Applying the above-quoted Rule to your inquiry, the determinative issue appears to be whether binding arbitration prospectively limits the lawyer’s liability to a client for malpractice.

It would appear that the primary purpose to be achieved by requiring binding arbitration as a condition of representation by an attorney is to preclude the client from suing the attorney for malpractice in a court of law and before a jury. Therefore, a client who signs a binding arbitration agreement with an attorney is giving up rights the client is otherwise constitutionally and legally guaranteed, i.e., to have a jury determine whether and to what extent the attorney is guilty of malpractice and, if so, the amount of damages to be
awarded the client in compensation therefor. The fact that binding arbitration denies the client adjudicatory rights afforded by the United States Constitution, the Alabama Constitution and state law constitutes, in the opinion of the Disciplinary Commission, a limitation on the lawyer’s liability to a client for malpractice. It is, therefore, the opinion of the Commission, that the inclusion of a binding arbitration provision in the employment contract between you and your clients would prospectively limit your liability to your clients for malpractice within the meaning of Rule 1.8(h). Accordingly, you may ethically include a binding arbitration provision in your attorney-client contract only if the client is independently represented by counsel in connection with the negotiation and execution of the contract.
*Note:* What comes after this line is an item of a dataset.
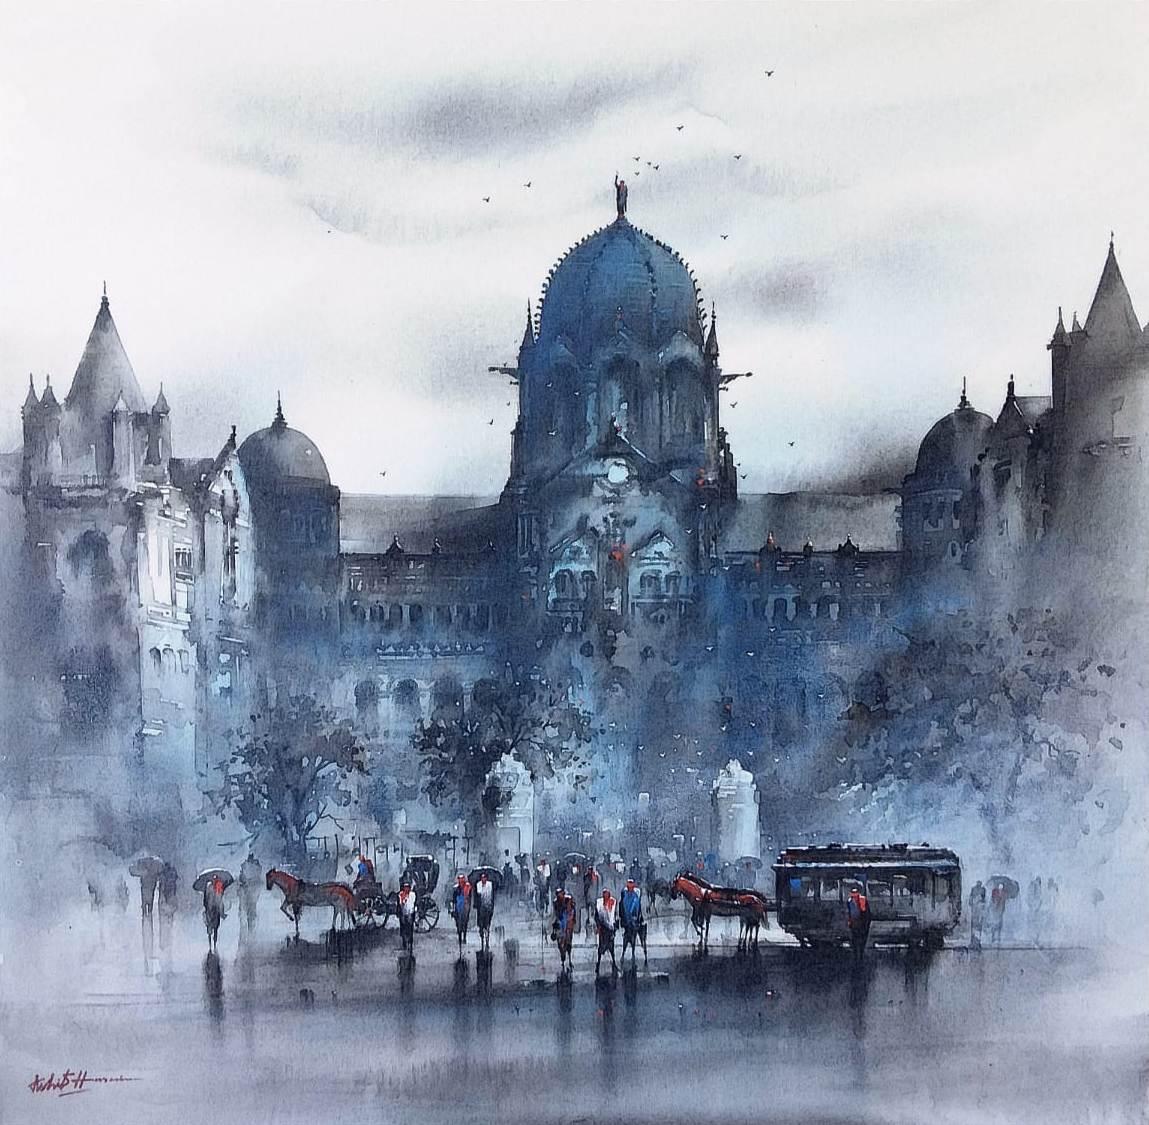 Asif Hussain Figurative Painting - Banaras Ghat, Acrylic on Canvas, Black, Grey by Contemporary Artist "In Stock"

The rationale for the requirement of independent counsel is inexorable. The client must not be placed in a position of surrendering significant legal and constitutional rights without fully comprehending the ramifications thereof. Since the client is surrendering these rights as a precondition of obtaining your
services, you would have a conflict of interest in counseling and advising the client with regard thereto. Such counsel and advice must come from an attorney whose interest would not be affected by the client’s decision. The requirement of independent counsel is particularly compelling where, as in most instances,
the client is relatively uneducated and unsophisticated with regard to legal matters and would be, for the most part, otherwise at the mercy of the attorney who has drafted the employment contract.